It has been reported that O₂ ^•− is the active intermediate in the reduction of O₂ to H₂O₂ by AA,¹⁹ and DMEM and unpurified buffers such as PBS contain sufficient amounts of transition metals (such as iron and copper) to catalyze AA oxidation and generate O₂ ^•−.^19,20 Accordingly, it was observed that addition of AA in both PBS and DMEM (with 10% FBS) caused a significant increase of O₂ ^•−, whereas in purified (deionized) water, no O₂ ^•− or H₂O₂ was generated by AA (Fig. 2D, and Supplemental Fig. S5, available online at www.liebertonline.com). To test if the Mn(II ⇔ III)TMPyP cycle driven by AA would enhance O₂ ^•− and subsequent H₂O₂ generation, MnTMPyP and AA were mixed in purified water. Subsequent O₂ ^•− and H₂O₂ generation was not detected under these conditions (Fig. 2D and Supplemental Fig. S5).

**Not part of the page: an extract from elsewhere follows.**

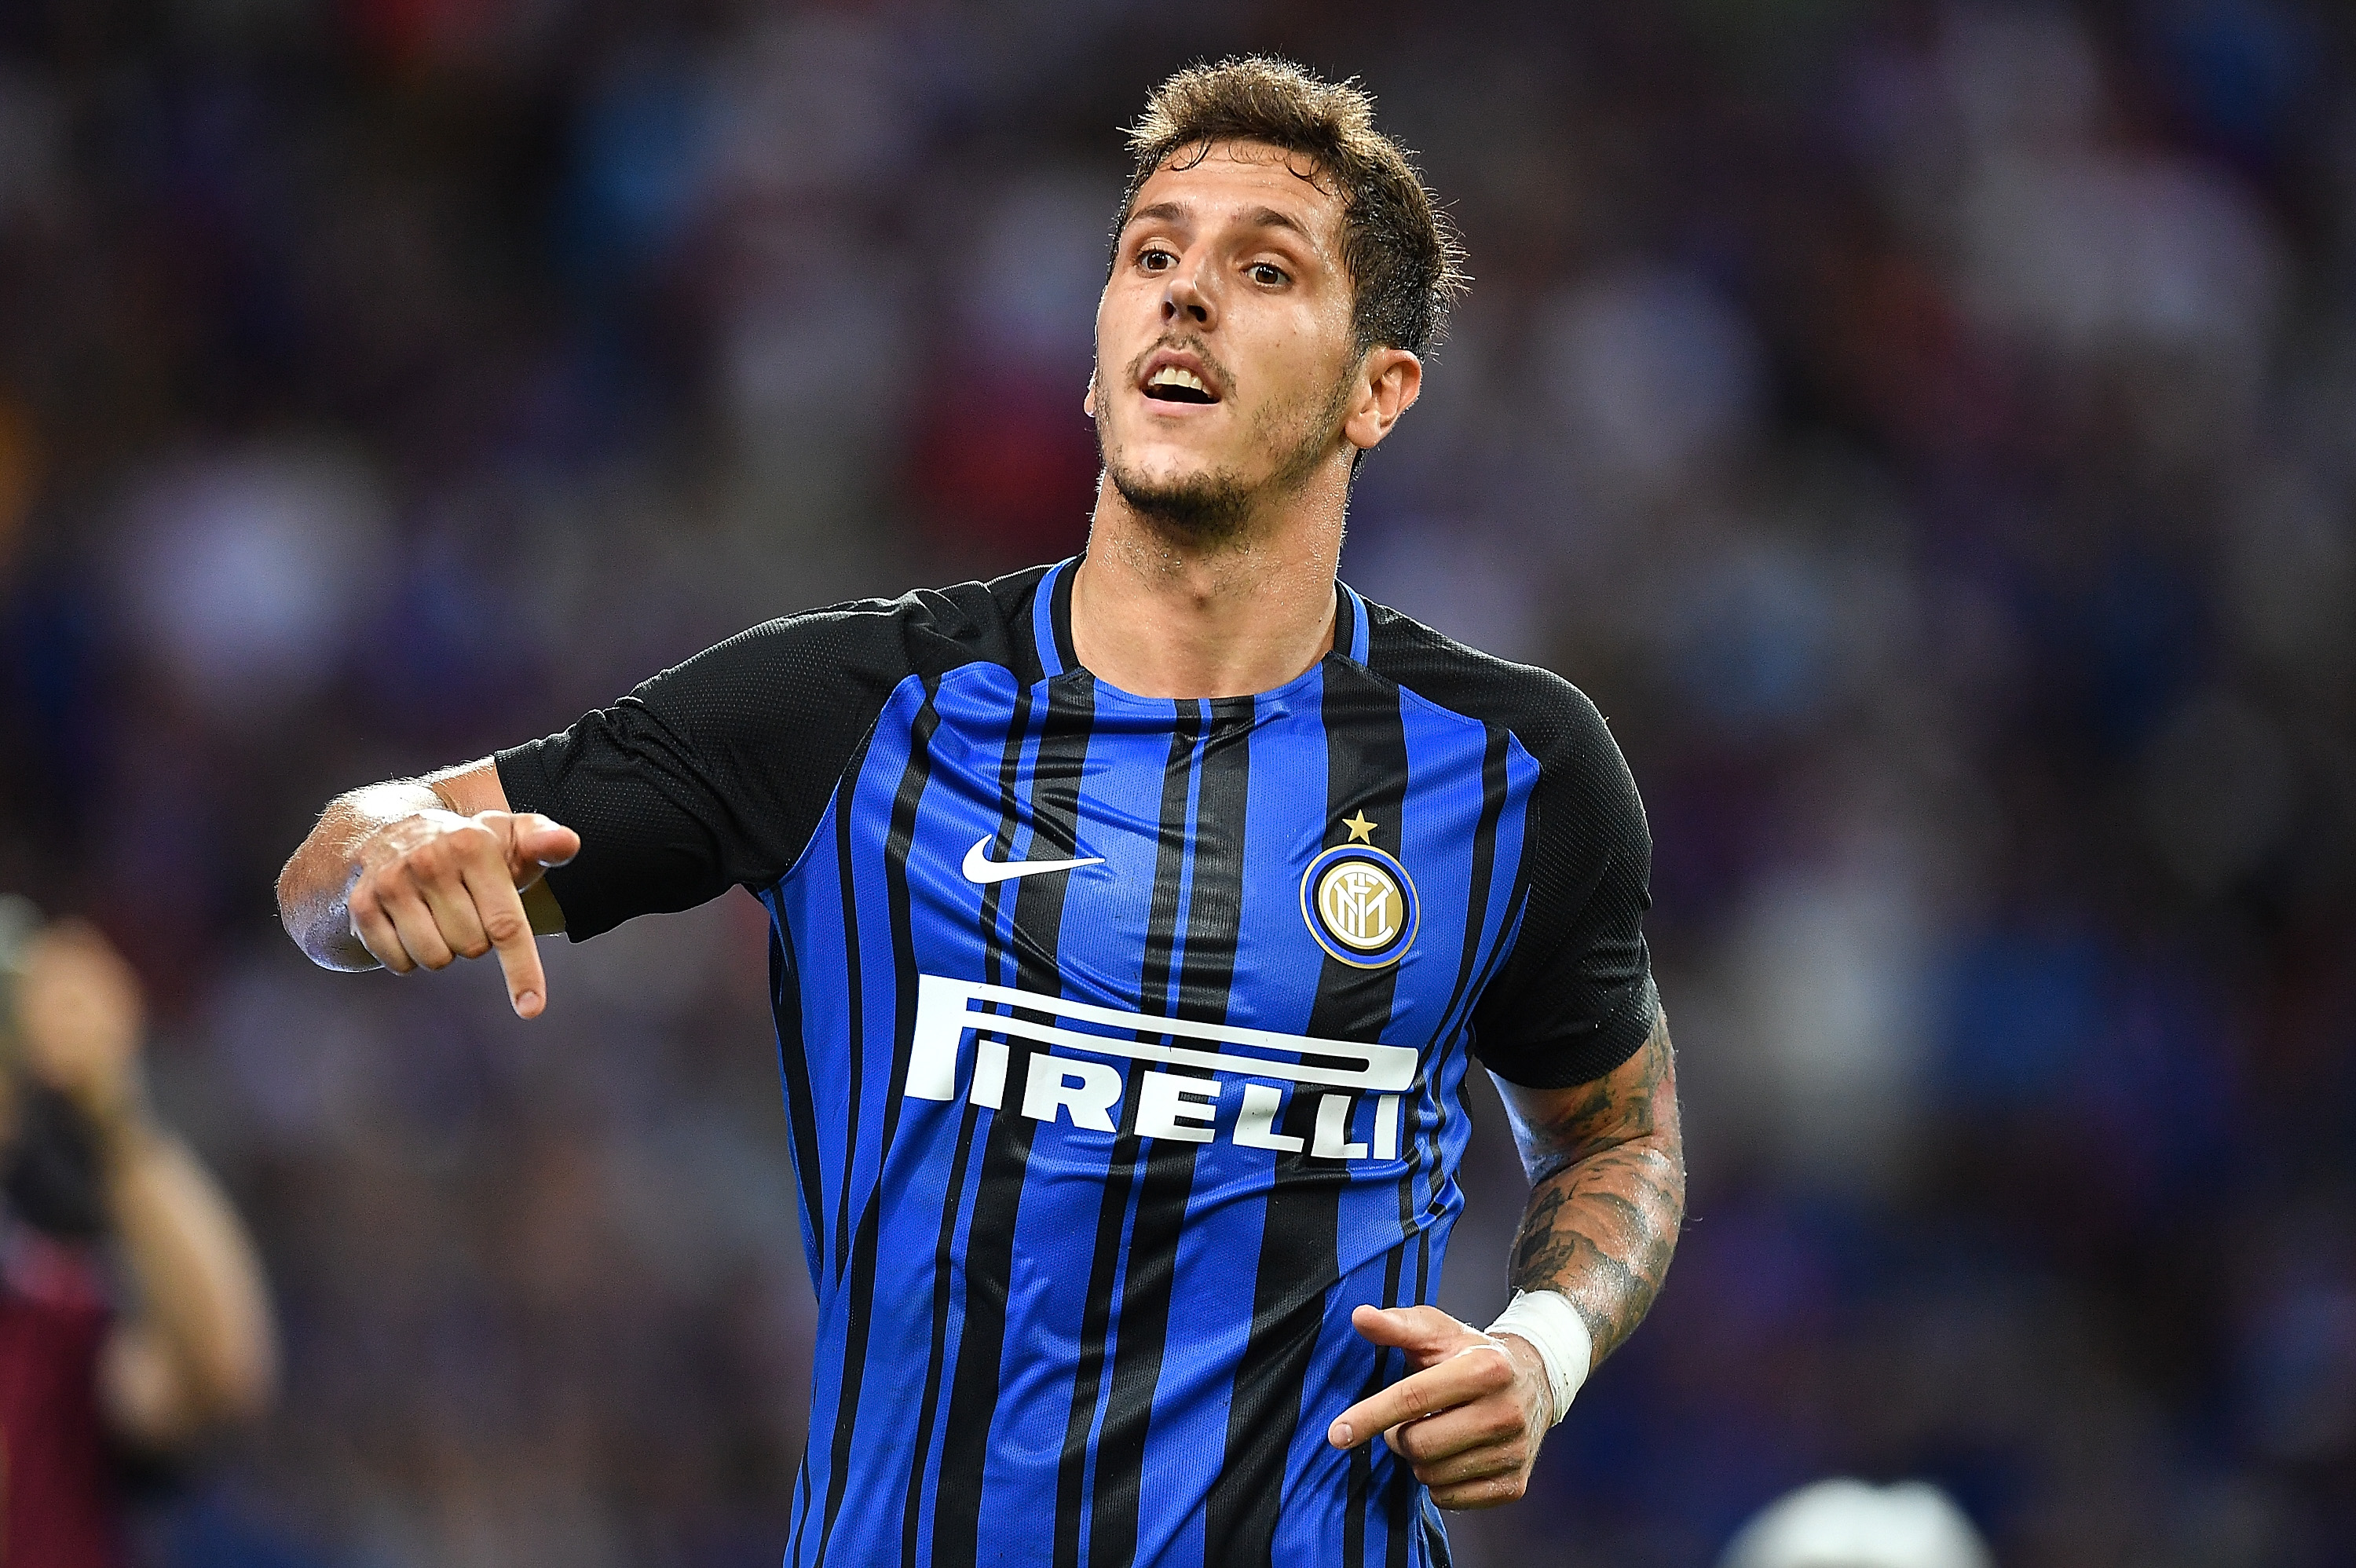 Ex-Inter & Fiorentina Forward Stevan Jovetic: “Inter Are A Great Team But Less Equipped Than Juventus”
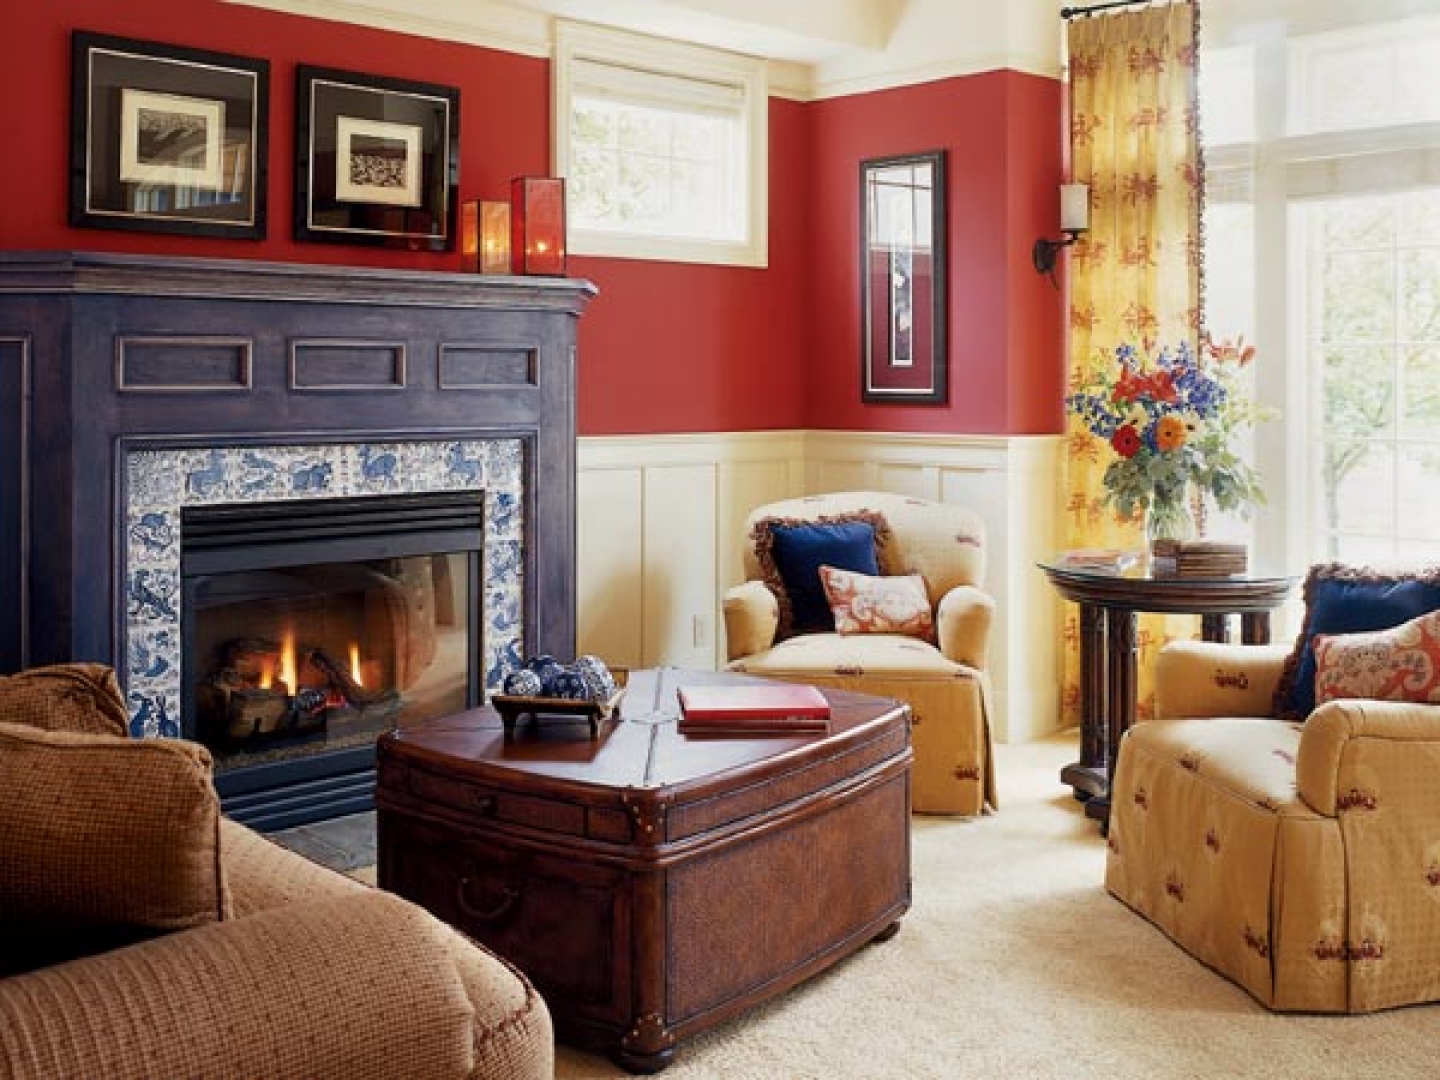 Living Room Color Ideas With Red Furniture

MnTMPyP and AA synergistically increased ROS in PC-3 cells

Using an intracellular ROS probe, CM-H₂DCFDA, ROS generation (as the fluorescence change, ΔRFU) of cells exposed to MnTMPyP or H₂O₂ (positive control) was measured after loading with CM-H₂DCFDA. Addition of external H₂O₂ to the media resulted in a dose-dependent increase of ΔRFU after 1 hour of incubation (Fig. 3A). MnTMPyP (up to 25 μM) and AA (1 mM) alone did not change ΔRFU within the 1 hour of exposure. However, the two combined markedly increased cellular ΔRFU (Fig. 3B, C). Exogenous catalase inhibited the increase of ΔRFU, indicating that this effect was primarily mediated by extracellular generation of H₂O₂. When cells were exposed to MnTMPyP/AA in PBS, H₂O₂ generation was also observed (Supplemental Fig. S6, available online at www.liebertonline.com). However, MnTMPyP alone in PBS induced a more robust increase of fluorescence than in tissue culture media. This is likely due to the binding of MnTMPyP to proteins in the medium, without which more MnTMPyP enters the cells and generates H₂O₂ intracellularly after reduction by intracellular reductants.

FIG. 3.

ROS generation in cells treated with MnTMPyP and/or AA. PC-3 cells were incubated with CM-H₂DCFDA (10 μM, 30 minutes) and then placed in a medium with different concentrations of H₂O₂ (A) or MnTMPyP (B), each in the presence or absence of catalase (300 U/mL) or AA (1 mM). Cellular ROS was determined as the ΔRFU over 1-hour treatment and expressed as the mean (of triplicates) ± SEM. (C) Representative fluorescent micrographs of the cells treated in A and B by H₂O₂ (1 μM), MnTMPyP (5 μM), and AA (1 mM). Cat, catalase; M, MnTMPyP; ROS, reactive oxygen species; MnTMPyP, Mn(III) tetrakis(N-methylpyridinium-2-yl)porphyrin⁵⁺; AA, ascorbic acid; H₂O₂, hydrogen peroxide.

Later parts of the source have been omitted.